* [Dataset excerpt]:
++++

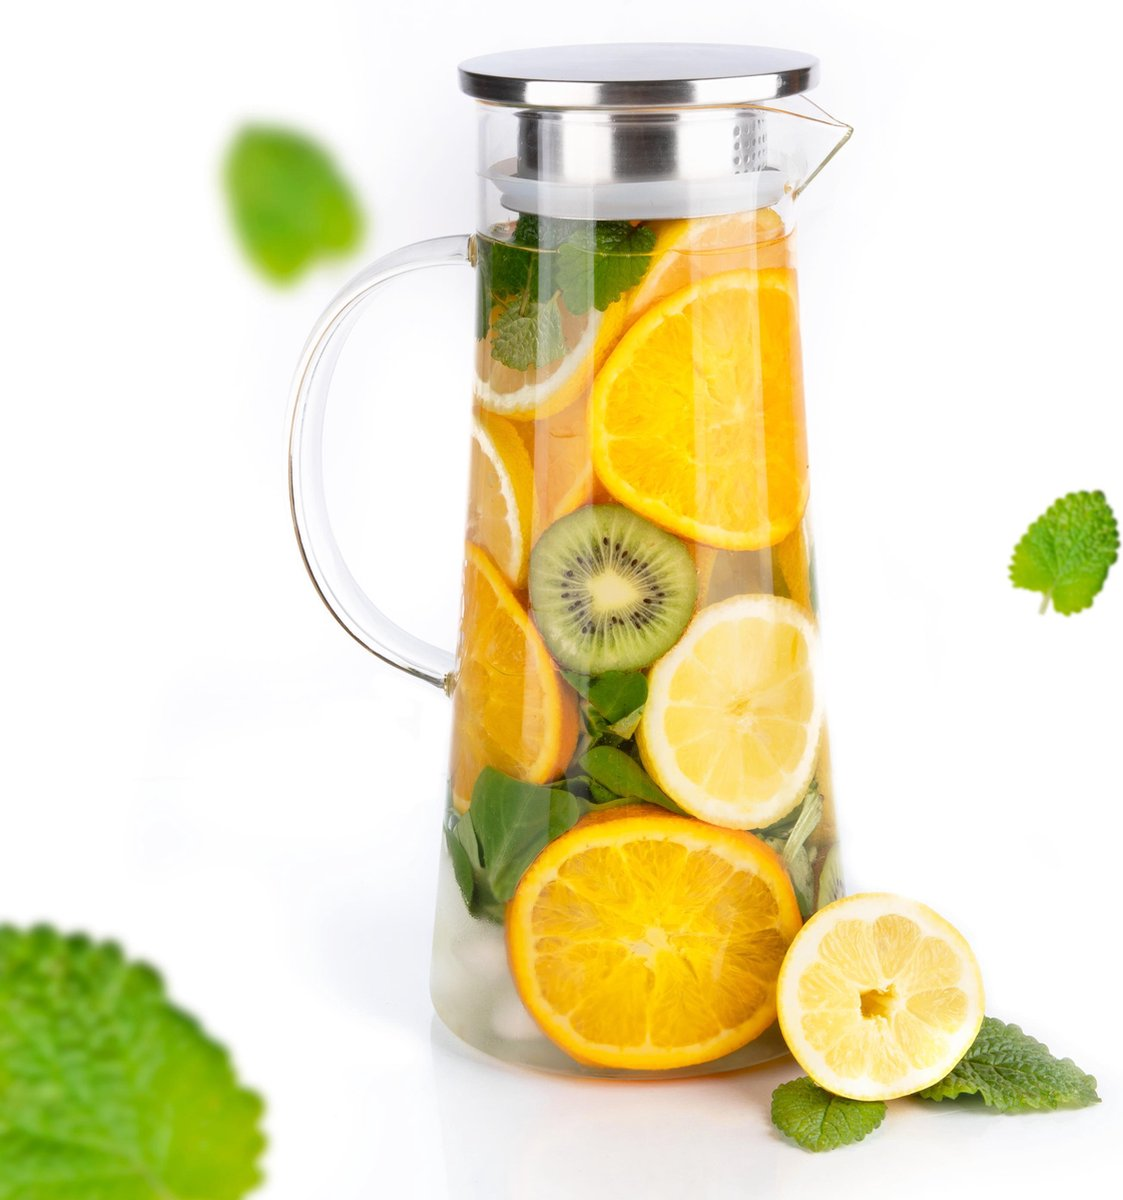 MÊZON® Glazen Waterkan - Waterkaraf voor Fruitwater - Multifunctionele Decanteer Karaf - Kan met Deksel - 1.5L Capaciteit
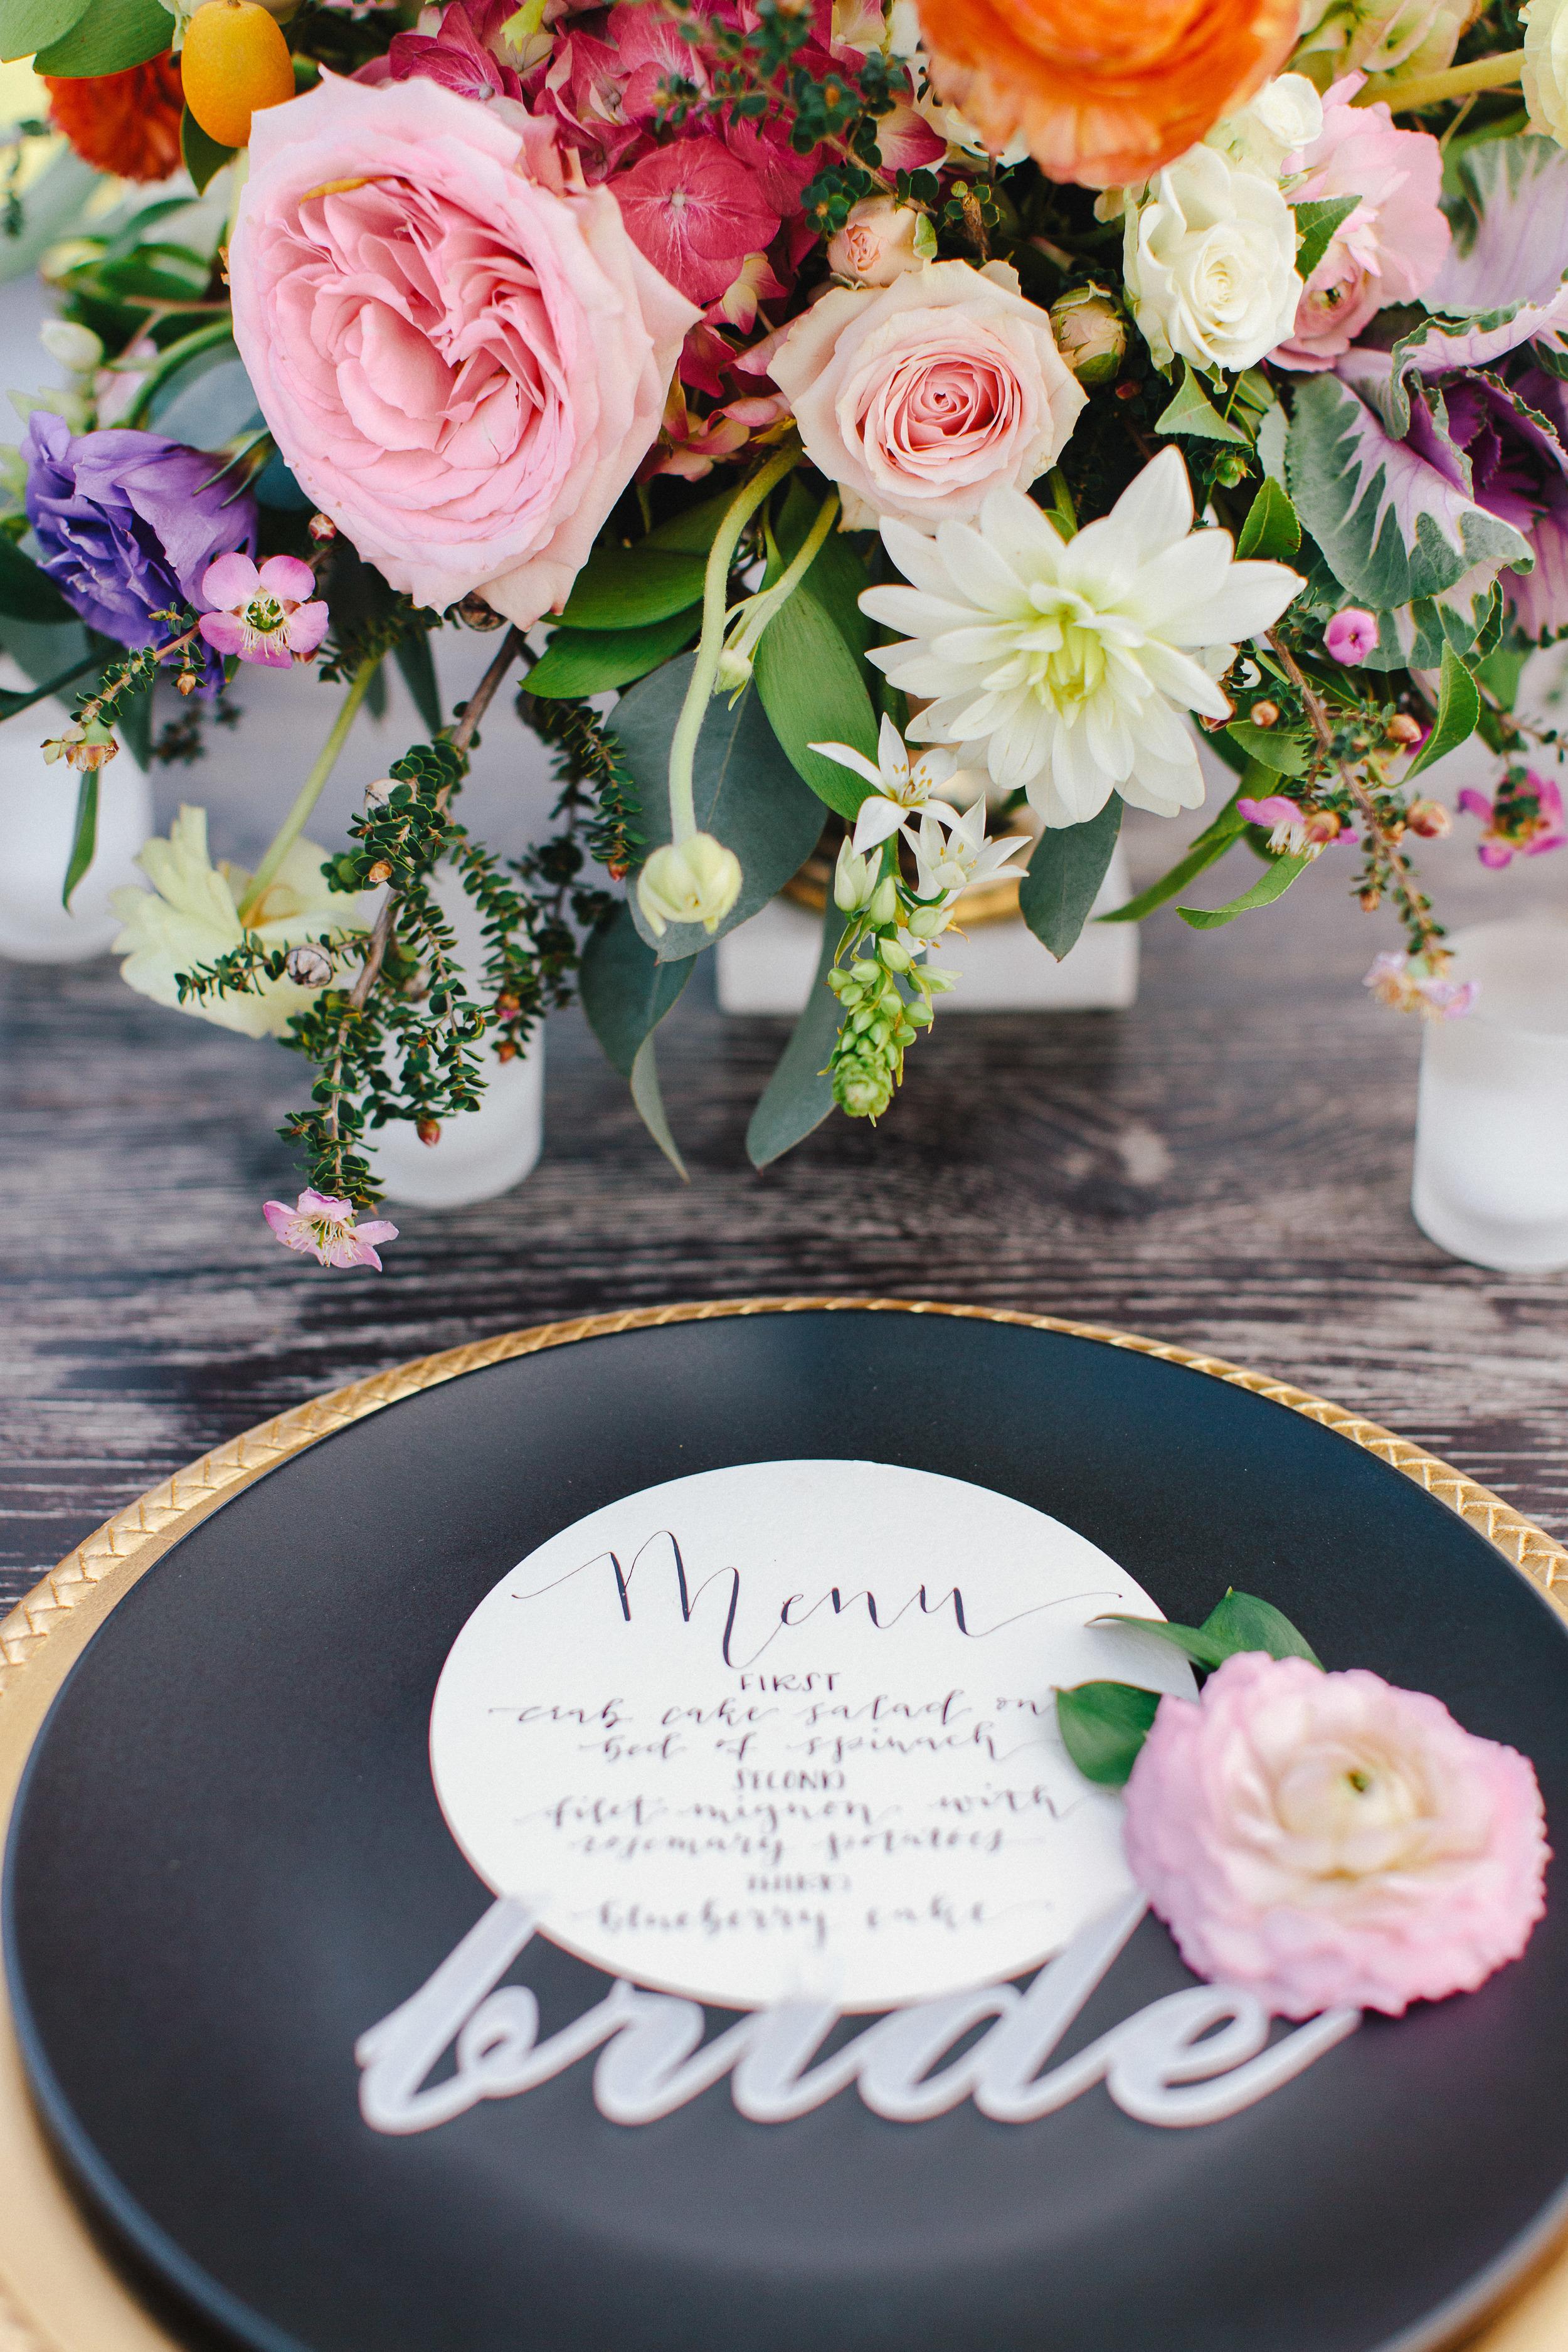 Maxit Flower Design; Vine yard photo shoot; Kristen Curette Photography
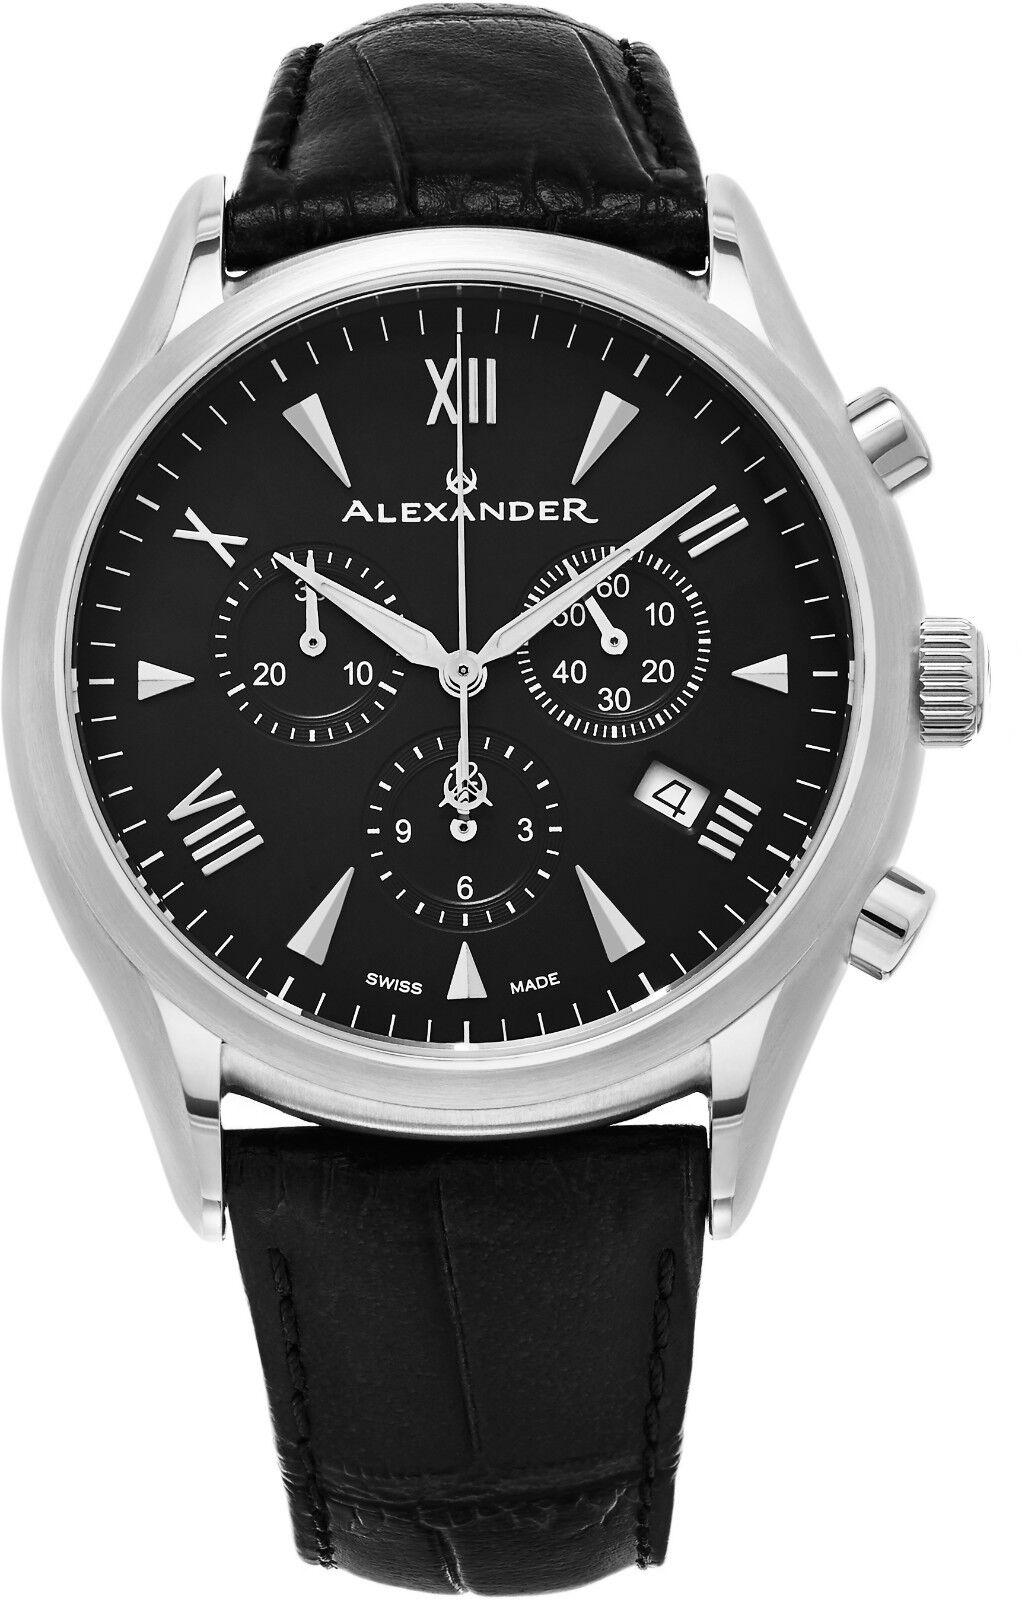 Alexander Pella Multi-Function Swiss Made Leather Strap Men's Chronograph Watch

++++

* [Problem requirements]:
Everything in the listing above must be retyped exactly, except for the pictures.

* [Exercise output]:
 MÊZON® Glazen Waterkan - Waterkaraf voor Fruitwater - Multifunctionele Decanteer Karaf - Kan met Deksel - 1.5L Capaciteit
 Maxit Flower Design; Vine yard photo shoot; Kristen Curette Photography
 Alexander Pella Multi-Function Swiss Made Leather Strap Men's Chronograph Watch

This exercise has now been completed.